1.)  Preheat oven according to Fresh Takes directions (375 degrees) and slice chicken breasts into strips.
2.)  Coat strips with cheese/crumb mixture and place on a lightly greased cookie sheet, salt pepper and garlic the tops of each strip (you can also add whatever you'd like: peppers, onions, mushrooms - we have to keep it bland for the picky eater we have), throw into the oven and set timer for 35min.
3.)  Wash asparagus and place into steamer (if you don't have a steamer, refer to the below FOOD FILE on how to use items already around the house to make a steamer), salt and garlic them up.
4.)  Prepare rice according to box directions ~or~ use my way of cooking it: 1 TBSP of butter and rice go into the pan, fry it up until butter has turned the lighter rice a golden brown.  Slowly stir in flavor/seasoning packet and 1 2/3 cup water, stir until boiling, reduce heat and cover.  Simmer, stirring occasionally for 20min or until rice is tender and water is absorbed.  Delish!!
5.)  Watch the clock - the rice can be started as soon as the chicken goes into the oven, usually when the rice is boiling, that's when I start the asparagus (steam for 14-16min for 1lb), that way, everything gets done at the same time.
6.)  Serve up and enjoy!  

Southwest Chicken Strips w/Asparagus and Wild Rice

I know this was a "Store-Bought" recipe this week, but many of us don't have the time to create a dining masterpiece every night.  I will be offering recipes that cater to both the working and stay-at-home families.  Today just happens to be one of those meals I depend on when we have a busy evening.  It's delicious, nutritious and provides everyone w/all the food groups they need for a balanced meal!  I also wanted to draw attention to the Kraft Fresh Takes.  They are found in your grocer's dairy case and come in a variety of flavors for chicken, beef and fish.  I've tried almost every kind and the southwest is our favorite.  They have a savory 3 cheese flavor for hamburgers that's incredible as well.  They're priced well, contain lots of product (you can coat over a pound of meat w/what they provide, easily) and they're QUICK!  Try 'em all!

Katie's Food Files:

Homemade Steamers: Two different kinds for you to make today!

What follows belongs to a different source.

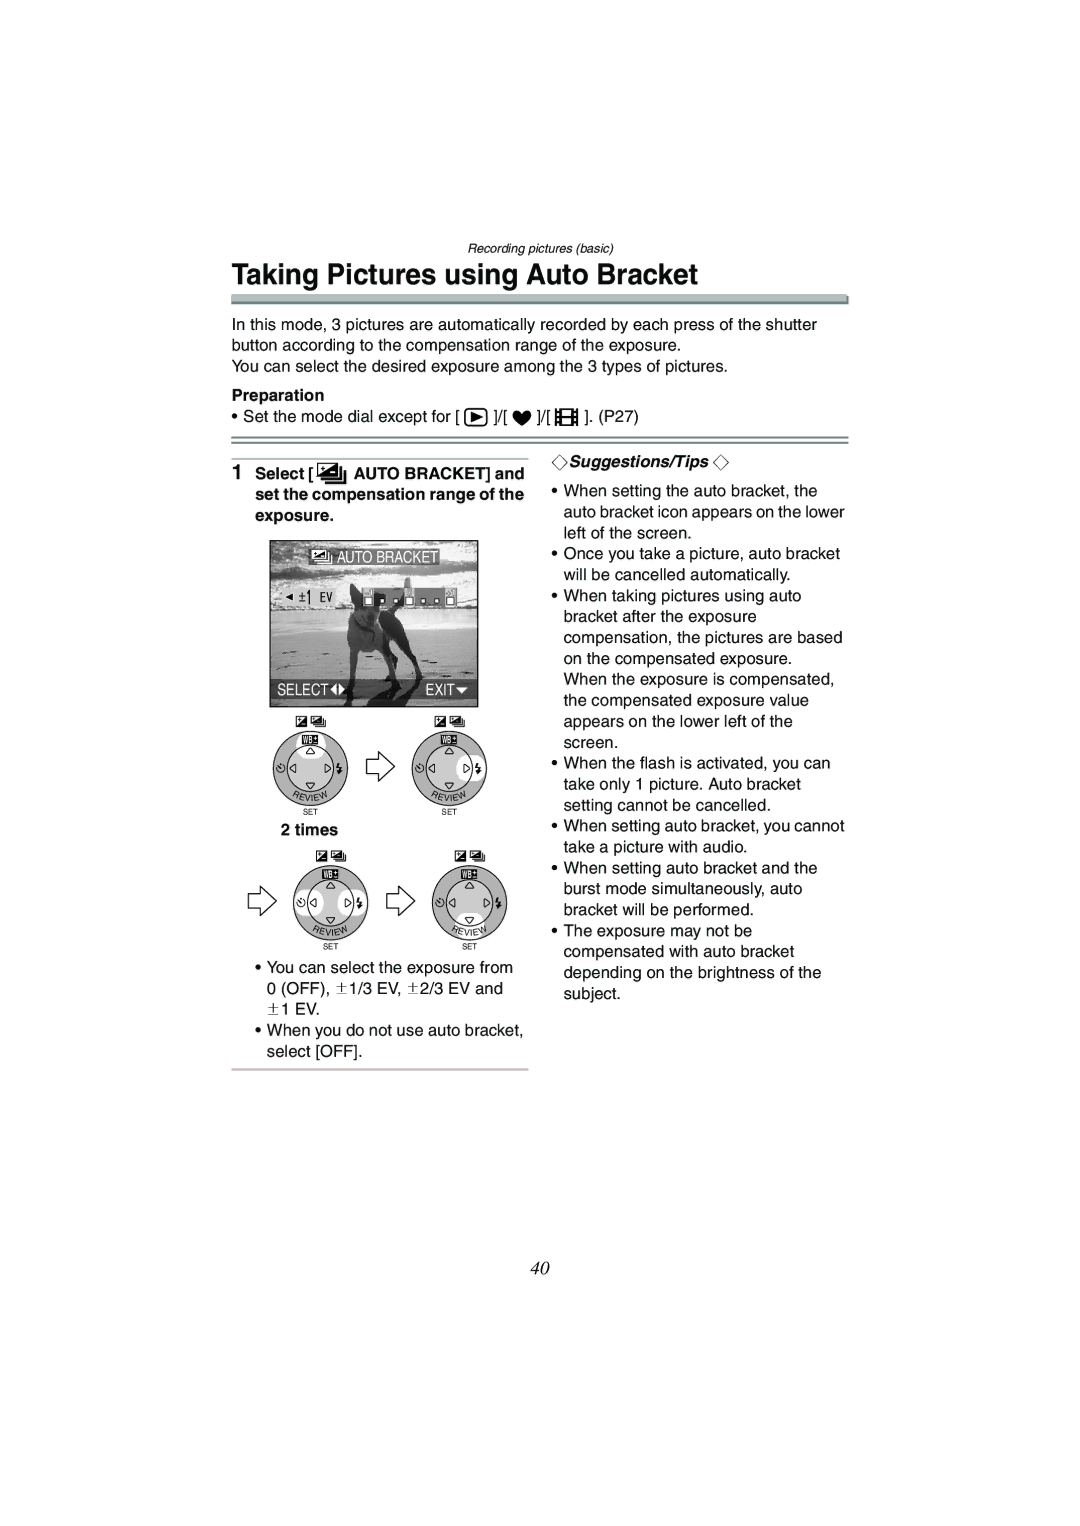 Panasonic DMC-FX5GN, DMC-FX1GN operating instructions Taking Pictures using Auto Bracket, Times

If you are like lots of people, you don't own a food steamer.....or you could be one of us who do, let me tell ya, having a steamer has totally changed the way I eat!!  But all those years before I had a steamer, I got pretty creative and some of my idea's worked!!

Tin Foil Steamer
Take a large piece of tin foil, form a strainer-type shape into a large pan with an inch of water in the bottom.  Poke holes all over the tin foil (to let the steam through), place veggie carefully into tin foil strainer, cover, place over heat.  Keep an eye on whatever your steaming, you don't want to over or under cook!  All times will vary so I always just kept a close watch on things.  This way is kind of time consuming, but it DOES work - pretty well too!  I used this style of steamer for probably 10 years!

Metal Strainer Steamer
This steamer is almost identical to the one above and the concept is exactly the same.  Instead of using tin foil to create a strainer, you just use one you have already!  Place the strainer inside a pan w/an inch of water in the bottom, fill w/veggies, cover and cook!  Simple as that!  

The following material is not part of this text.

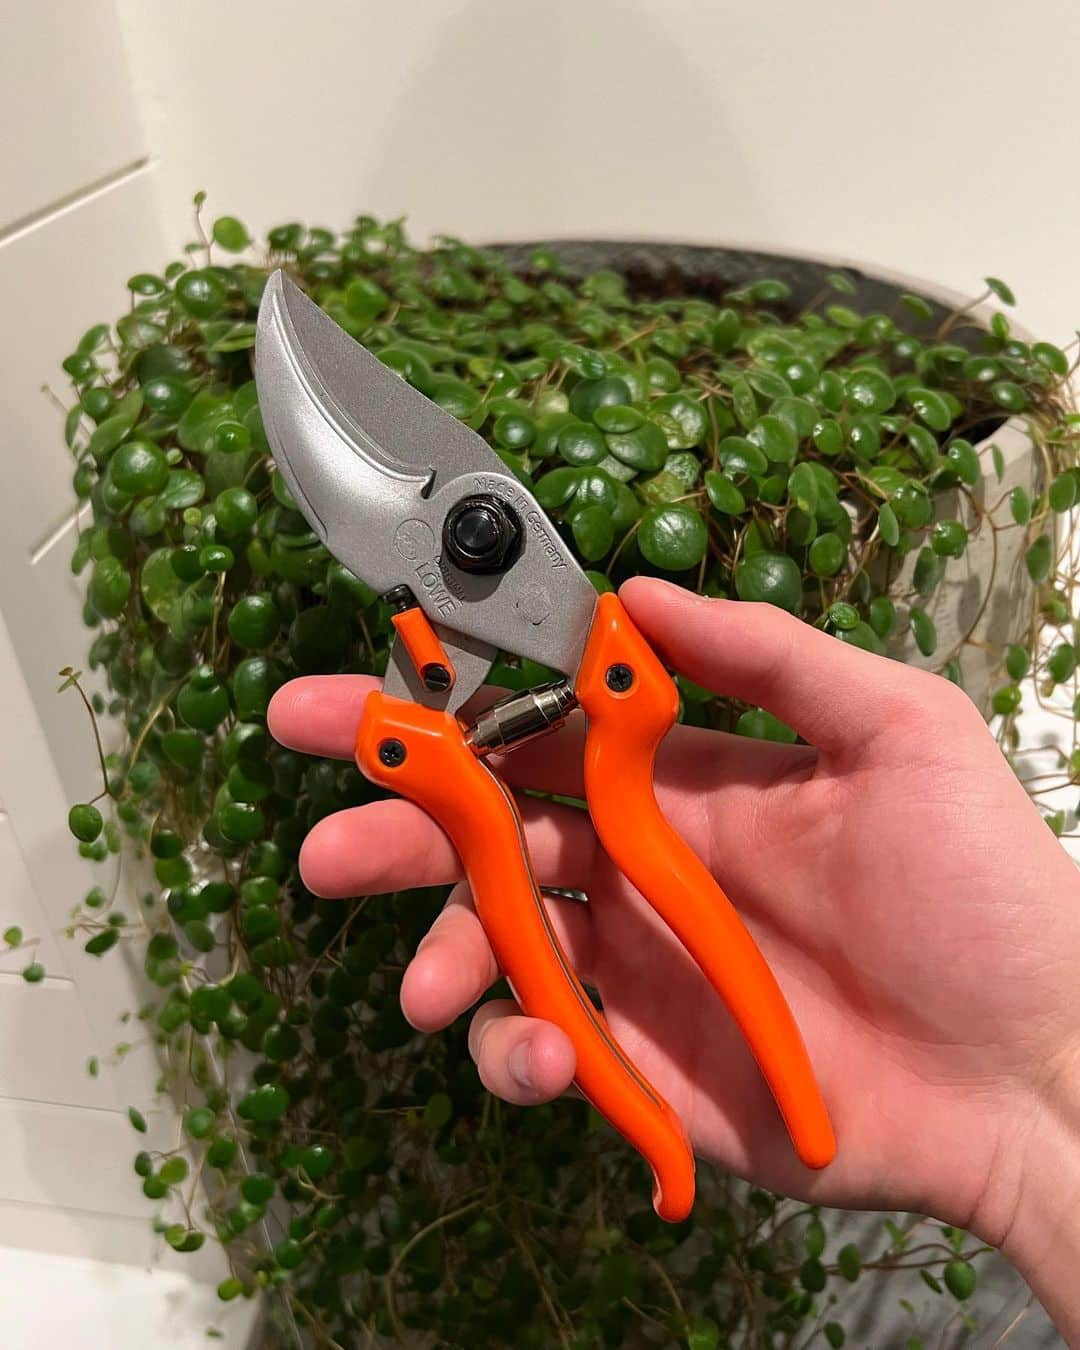 Top Succulent Care Tools: Clippers, Tweezers, and More

Send me your homemade steamer pics in - be sure to document the whole process and the finished product, er...produce ;-)
I would not recommend placing corn in the tin foil steamer, even if the foil is the heavy duty kind, it still probably won't hold but maybe 2-3 small pieces before it rips or tears due to the steam-holes poked into it.
Hope you all try this Food File, pass on the tip - there really is NO EXCUSE to NOT eat fresh veggies now!  They are so much better for you than canned vegetables and taste so much better!  Get some tonight!

This Week:
I have lots of exciting posts, tips and features for this week, please check back here daily and share with your friends!  What to REALLY Expect Wednesday, Fun Friday and some new features that I just know everyone's gonna enjoy!  See y'all here tomorrow!

Peace, Love and Light,


  1. My FOOD FILE about Perfect Bacon didn't post!! I'll have it up soon guys, promise! Don't know WHAT'S up w/my computer today!! Grrrr & sorry, up soon :-)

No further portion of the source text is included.